══ Excerpted records

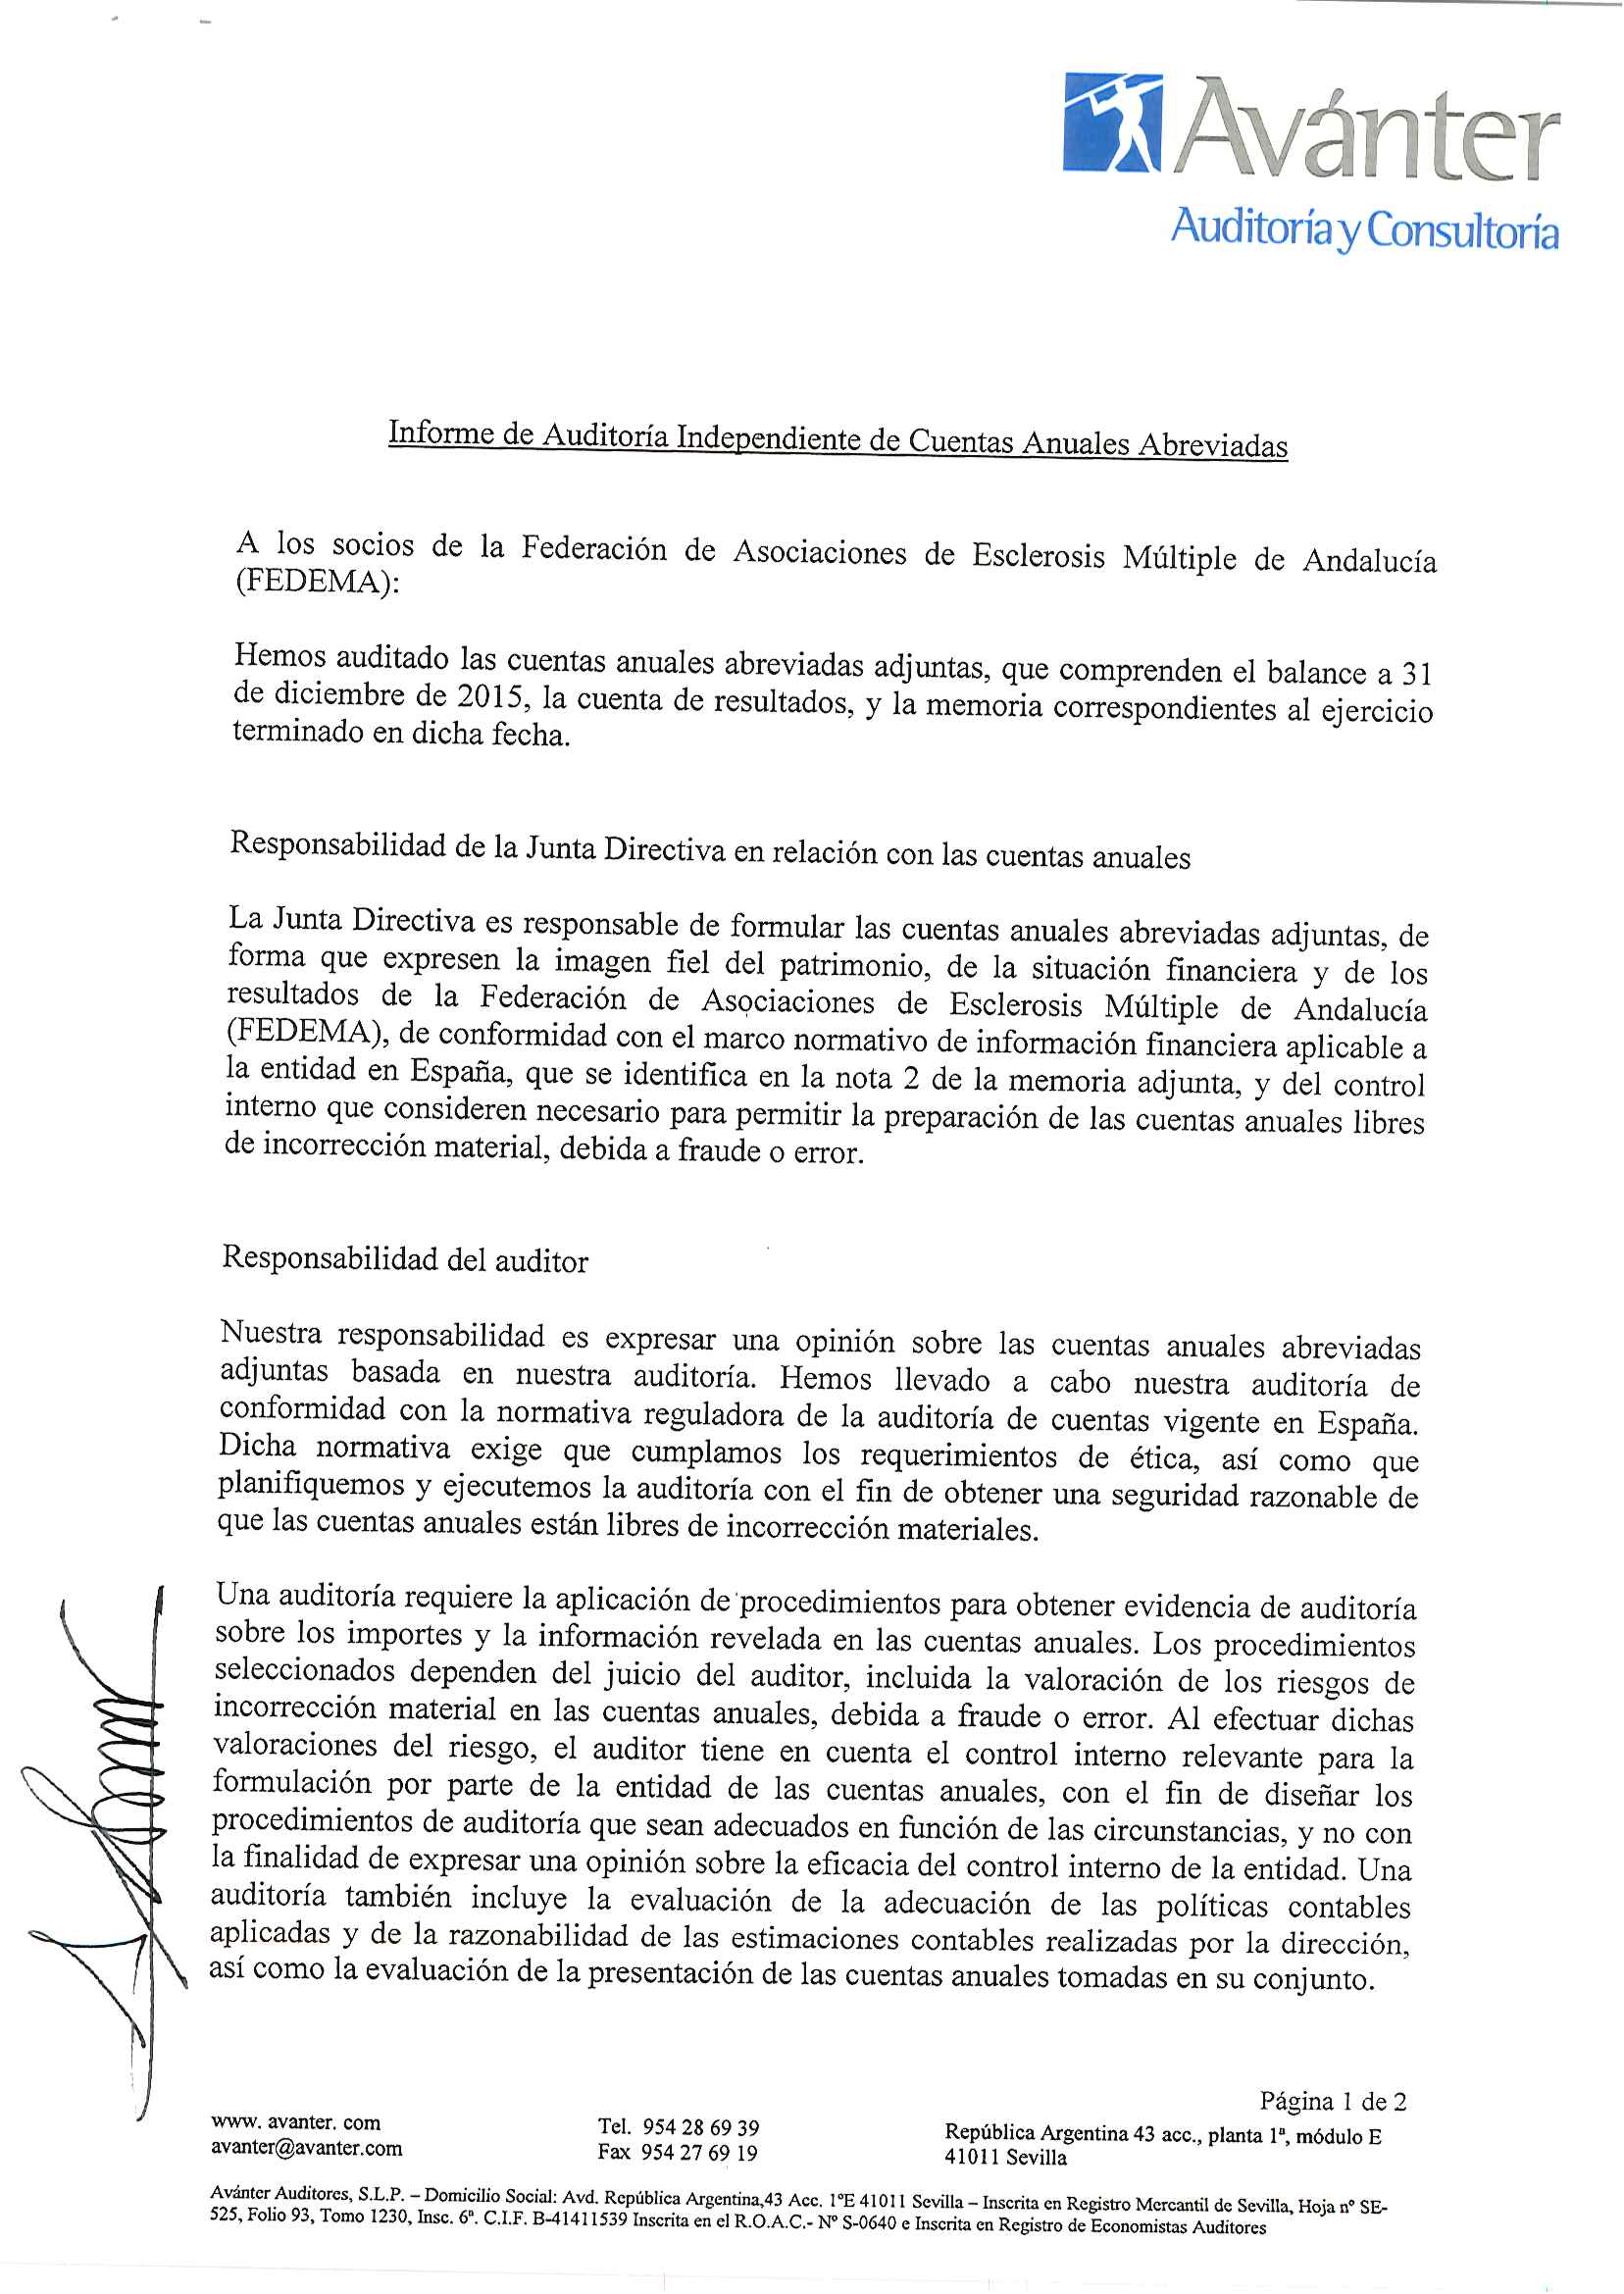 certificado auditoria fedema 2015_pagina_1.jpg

════
══ Excerpted records

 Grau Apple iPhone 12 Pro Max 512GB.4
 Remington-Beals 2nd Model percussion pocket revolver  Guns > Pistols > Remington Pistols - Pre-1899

════

**Activity**
All lines in the listing above between the line with "Grau Apple iPhone 12 Pro Max 512GB.4" and the line with "Remington-Beals 2nd Model", inclusive, should be set down exactly, and no line outside that range.

**Written solution**
 Grau Apple iPhone 12 Pro Max 512GB.4
 Remington-Beals 2nd Model percussion pocket revolver  Guns > Pistols > Remington Pistols - Pre-1899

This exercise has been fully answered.